Ascensión Novas, 26, is alone in the Cervantes school courtyard about to close the gate on Sant Pere Mitjà street, in Ciutat Vella, in Barcelona. The school opens in summer a few hours a day to meet the double condition of being a member of the program Schoolyards and one of the 200 centers of the Refugis Climàtics network activated by Barcelona City Council to combat the heat wave. It will only open this August three hours a day (from 11:00 a.m. to 2:00 p.m.). On Monday there were two children, on Tuesday none and yesterday, 14, who enjoyed playing with the shower to cool off planted in the patio.
”Not everyone knows. The few who know about the service are parents of P-3s. As a monitor, I get bored”, says this young man of Dominican origin and former student, smiling resignedly, emphasizing: “This was not there when I was little. We were dying of heat.” In the afternoon, contrary to what happened in July, the school will be closed. Jacob Marín, 32, a salesman for ONCE, who works right in front of the Cervantes, points out: “I don’t see many people going to school to acclimatize.” This case is not an exception. The network of shelters, created in 2019, is made up of 202 centers but many are closed or with reduced hours in the middle of August. Or, simply, the neighbors do not know that it exists because the information has not reached them.

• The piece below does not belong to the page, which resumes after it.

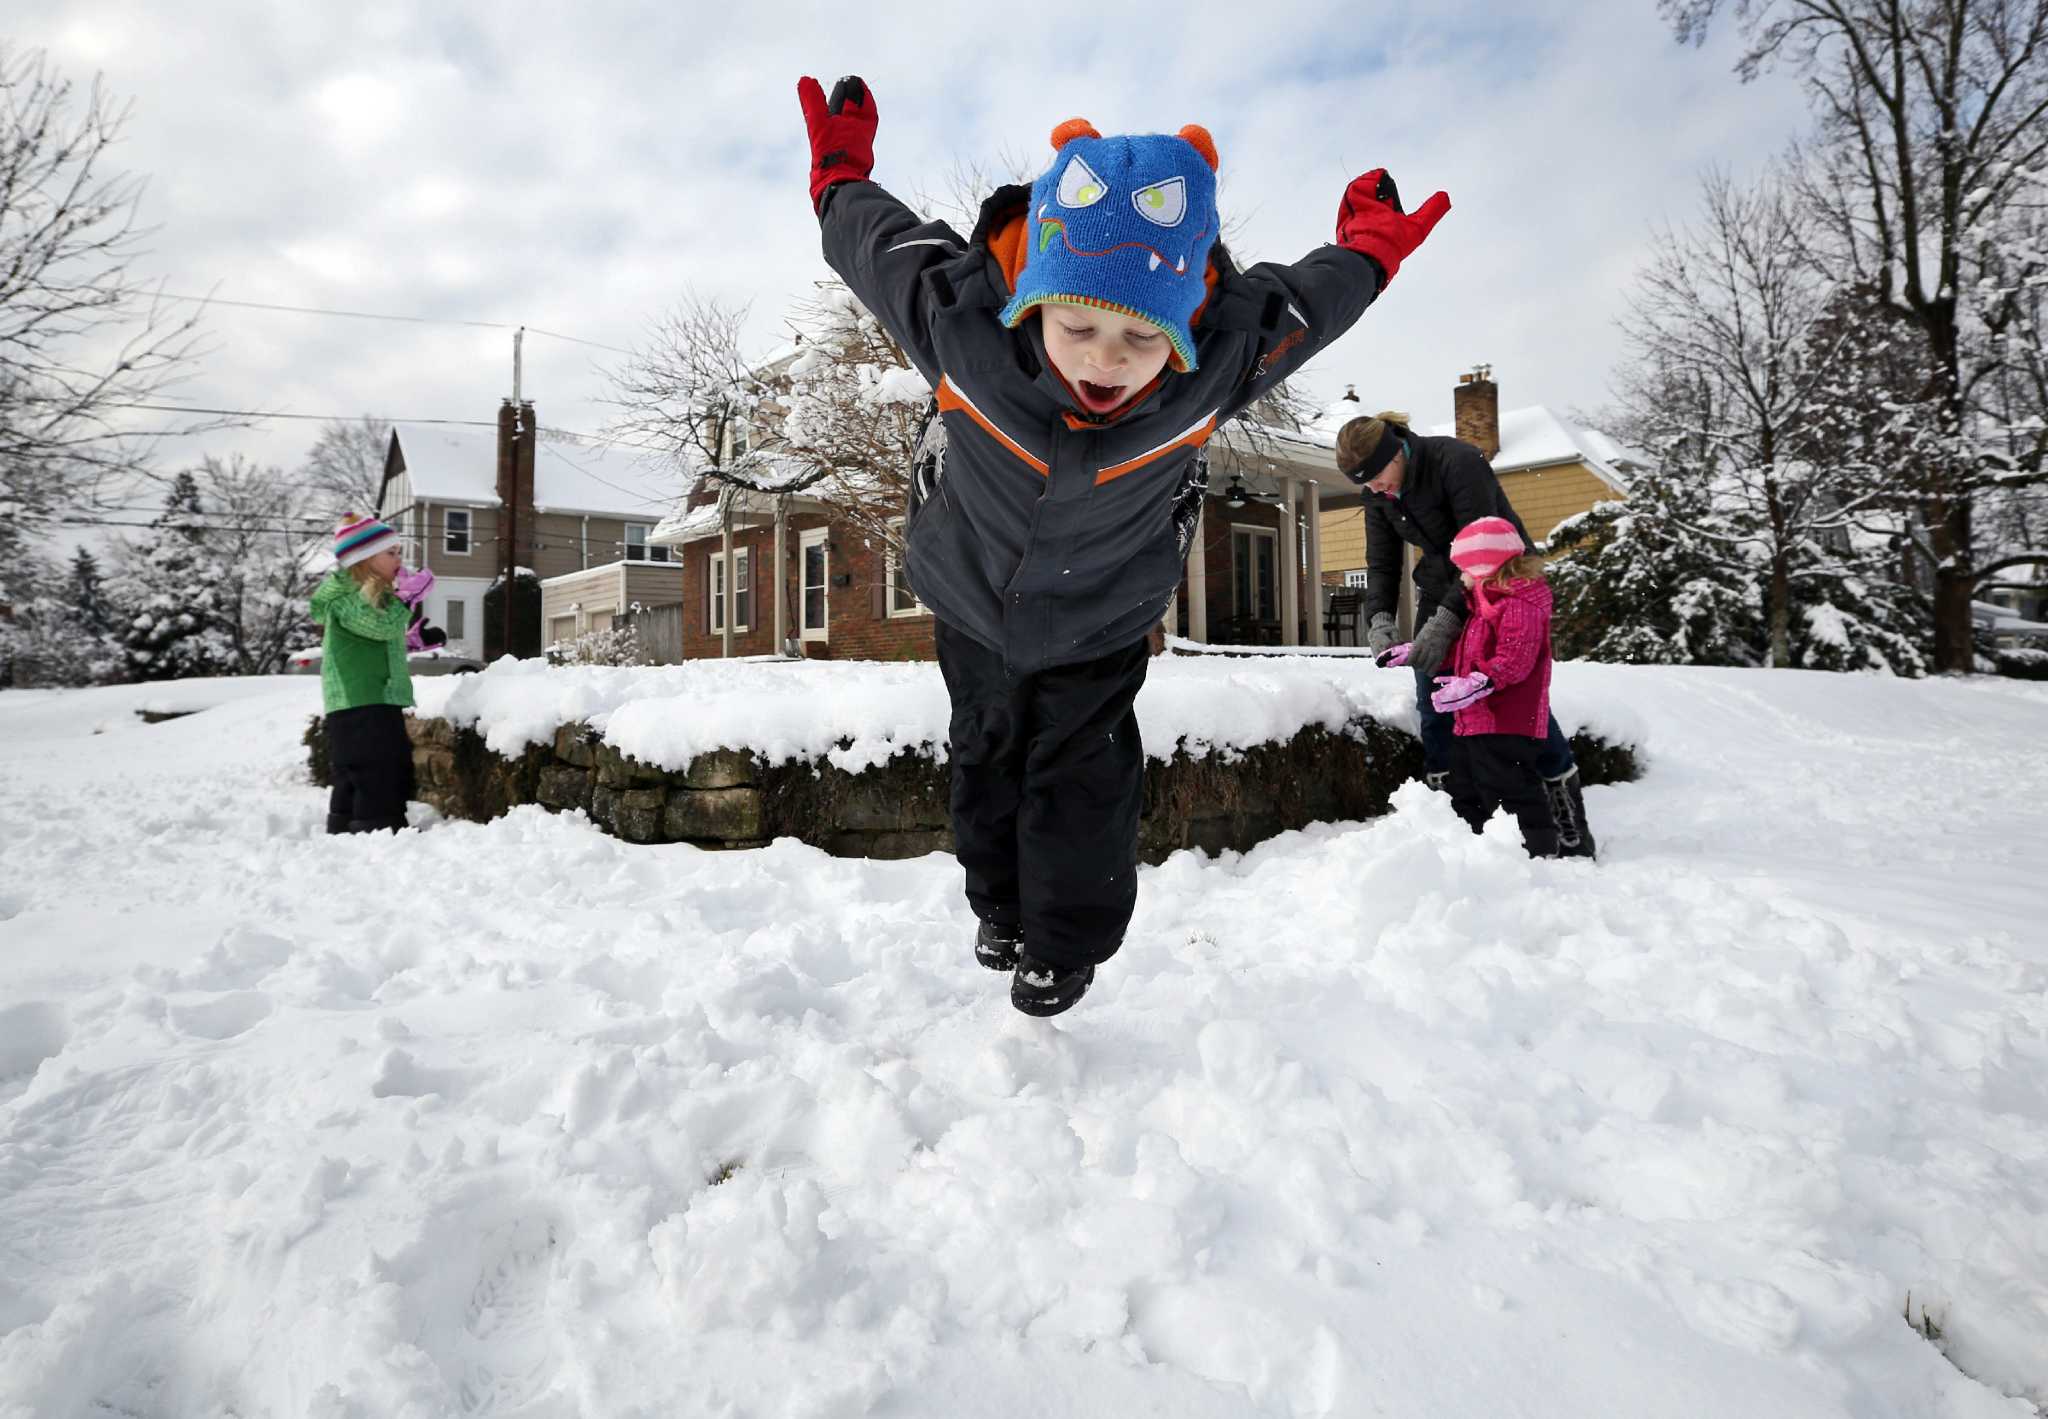 Играть в снежки кататься. Зимние развлечения на улице. Зимние развлечения для детей. Развлечения для детей на улице зимой. Зимнее развлечение с детьми во дворе.

The municipal group of Esquerra has made an inventory and considers the plan a “teasing.” The Republicans assure that of the 202 centers, including libraries, clubs or outdoor parks, only 67 are fully open; 61 partially and 74, closed. “Many of these shelters do not work during the hours with the sun,” lamented Marx Zañartu, mayor of ERC, in a statement.
“Isn’t the library open? oh! We came to get our membership card”, explains a young Pakistani man, with an envelope under his arm, accompanied by his wife, in front of the Sant Pau y Santa Creu library, on Carme street. A large sign announces that it will be closed from August 1 to 15. Behind the fence, you can see the Refugi climatic logo. Of the 29 libraries in Barcelona, there is only one open for each of the 10 districts and as of the 15th, four more will be open. In Ciutat Vella, only the Bonnemaison is available and from the first hour there is already a queue of users. There is no trace of the Refugi Climàtic badges. “But if people come to rest and drink water,” says an employee.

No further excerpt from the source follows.